**Source data**
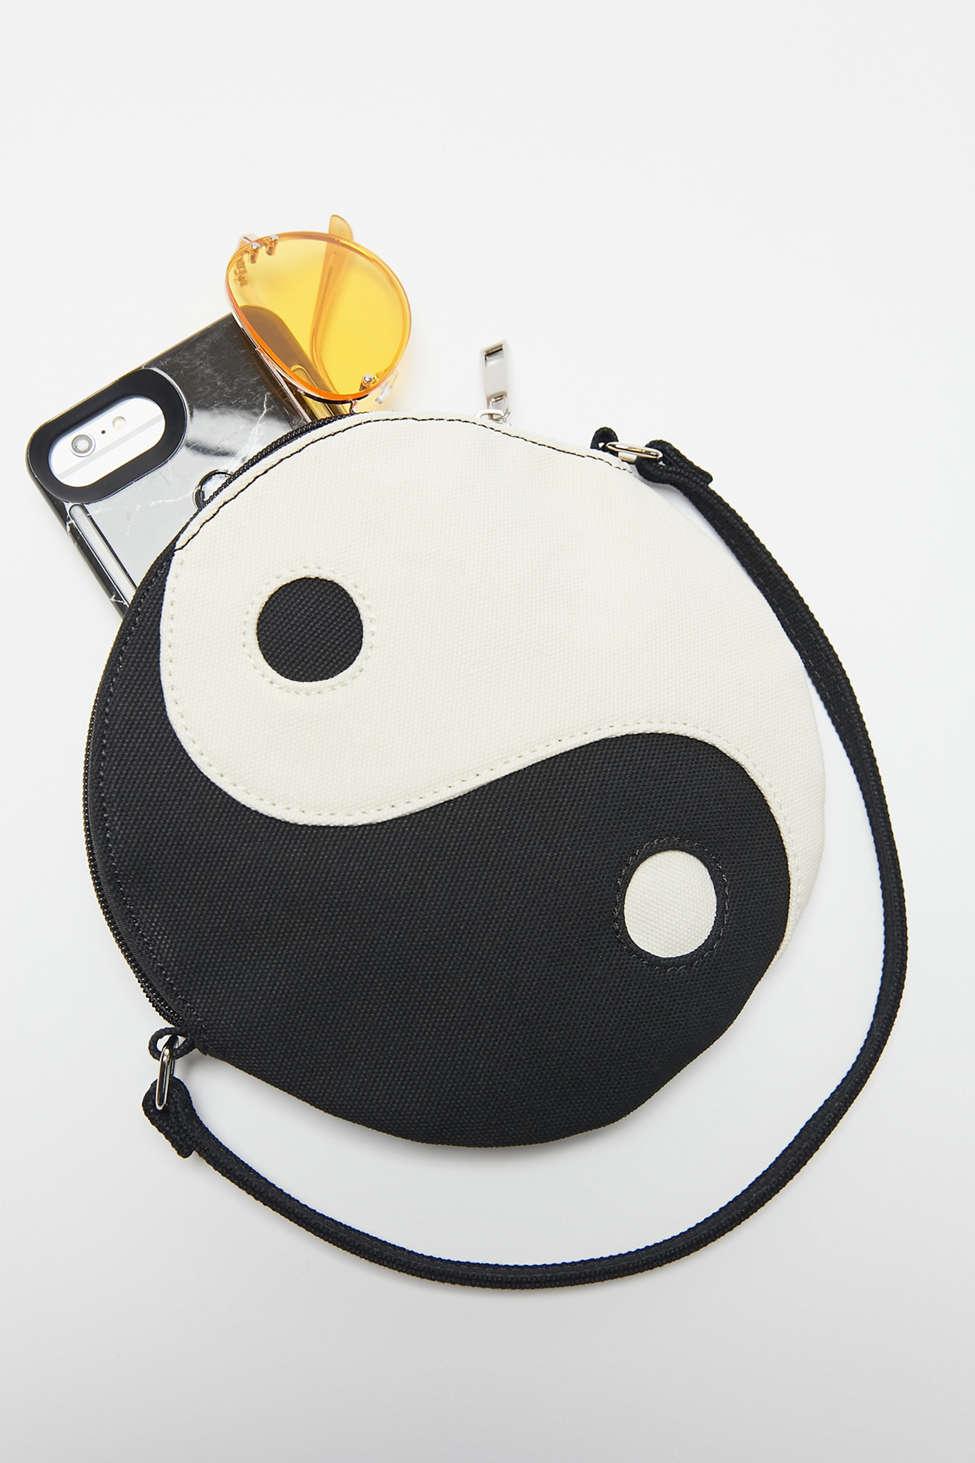 KEAKIA Yin Yang Concept Round Crossbody Bag Shoulder Sling Bag Handbag Purse Satchel Shoulder Bag for Kids Women
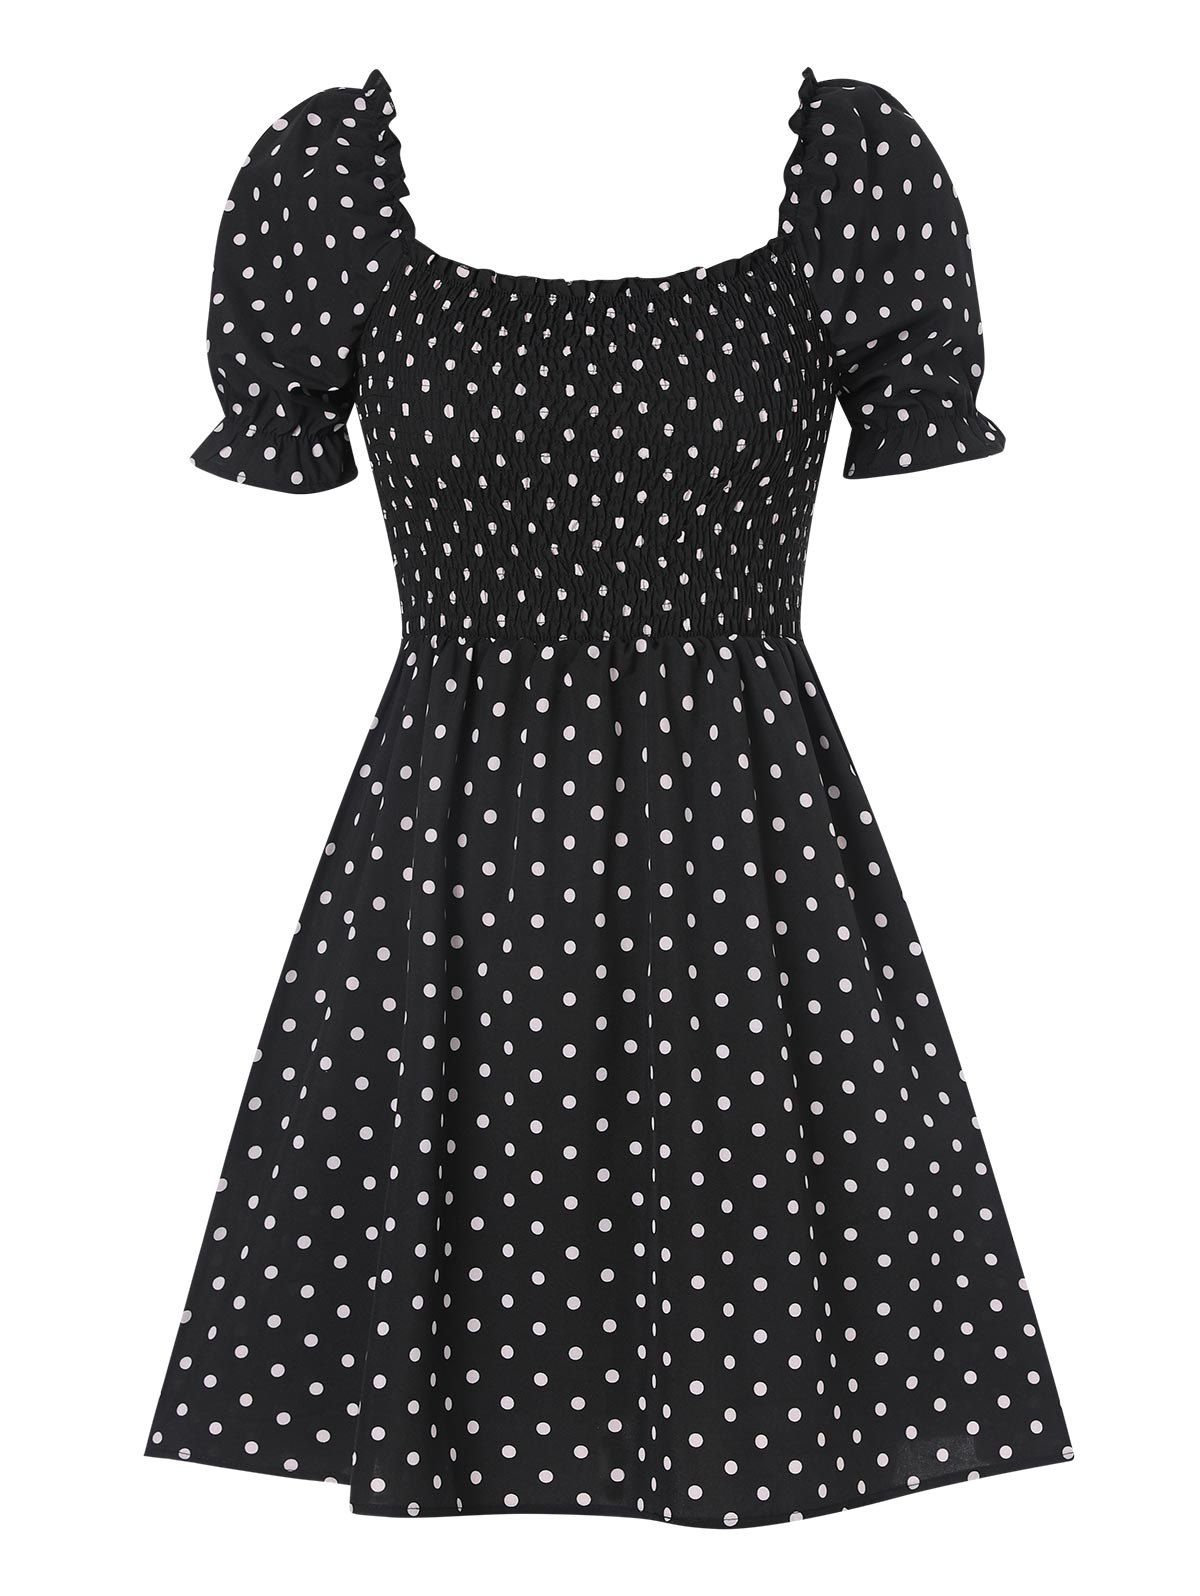 Vintage Dress Polka Dots Print Mini Dress Ruffled Puff Sleeve Square Neck Dress - BLACK L
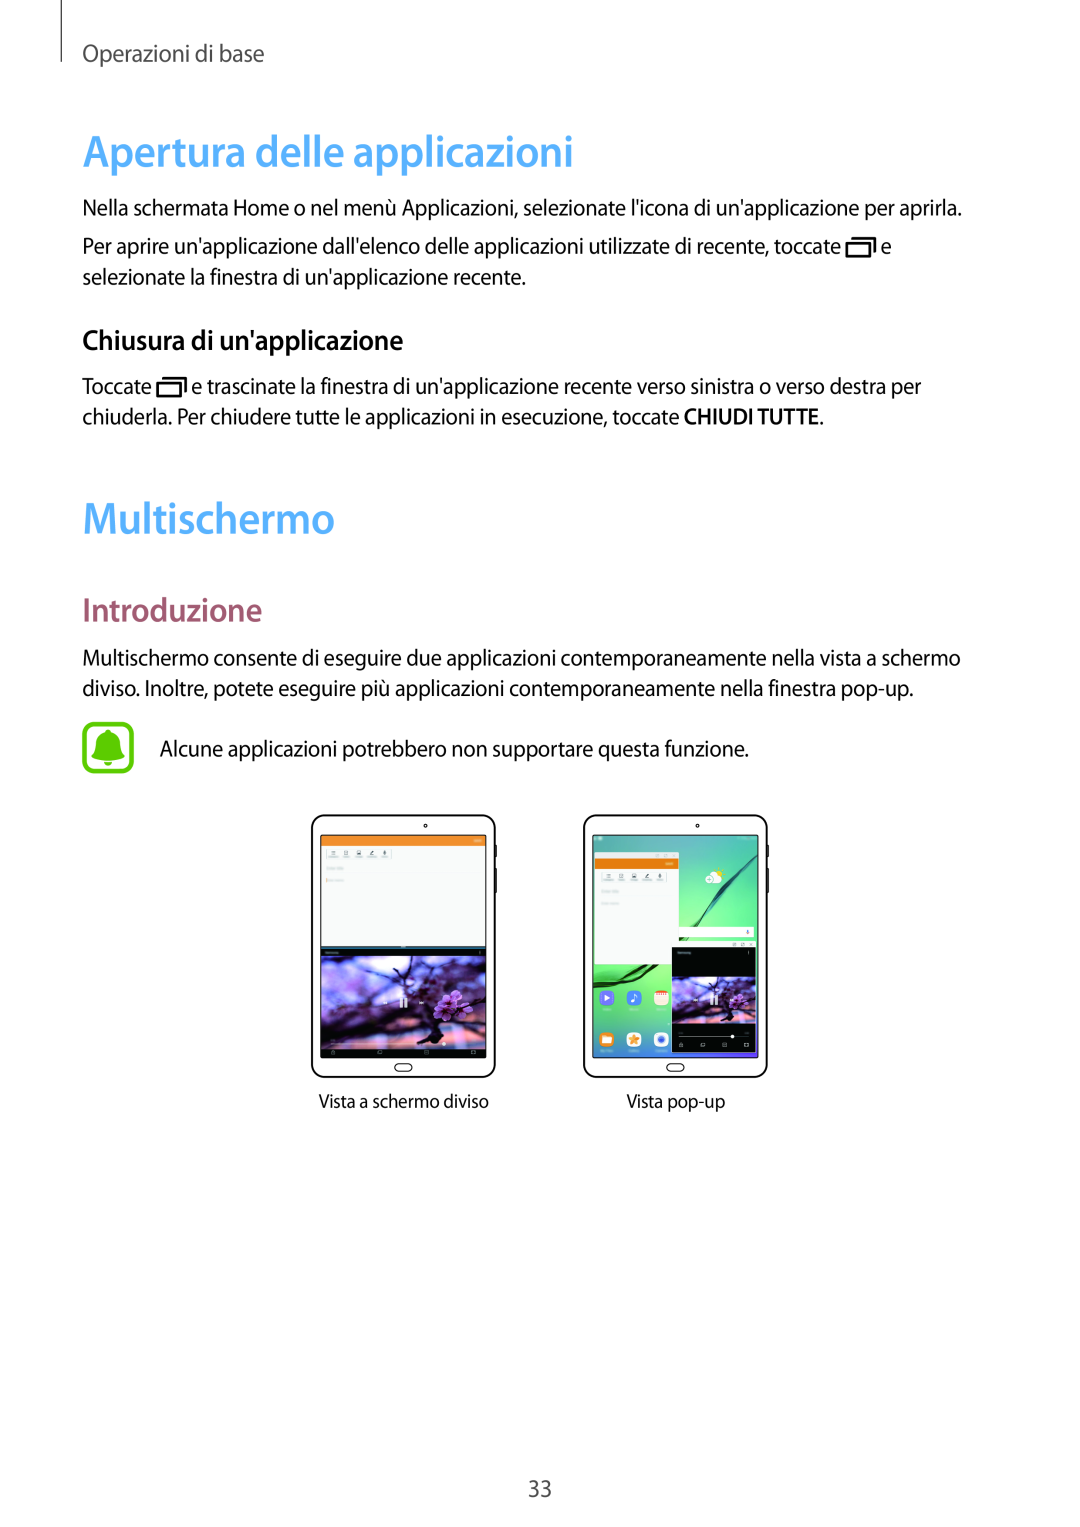 Samsung SM-T810NZDEPHN, SM-T810NZWEPHN Apertura delle applicazioni, Multischermo, Introduzione, Chiusura di unapplicazione

**Task to complete**
With the pictures omitted, reproduce the data above exactly.

**Worked solution**
 KEAKIA Yin Yang Concept Round Crossbody Bag Shoulder Sling Bag Handbag Purse Satchel Shoulder Bag for Kids Women
 Vintage Dress Polka Dots Print Mini Dress Ruffled Puff Sleeve Square Neck Dress - BLACK L
 Samsung SM-T810NZDEPHN, SM-T810NZWEPHN Apertura delle applicazioni, Multischermo, Introduzione, Chiusura di unapplicazione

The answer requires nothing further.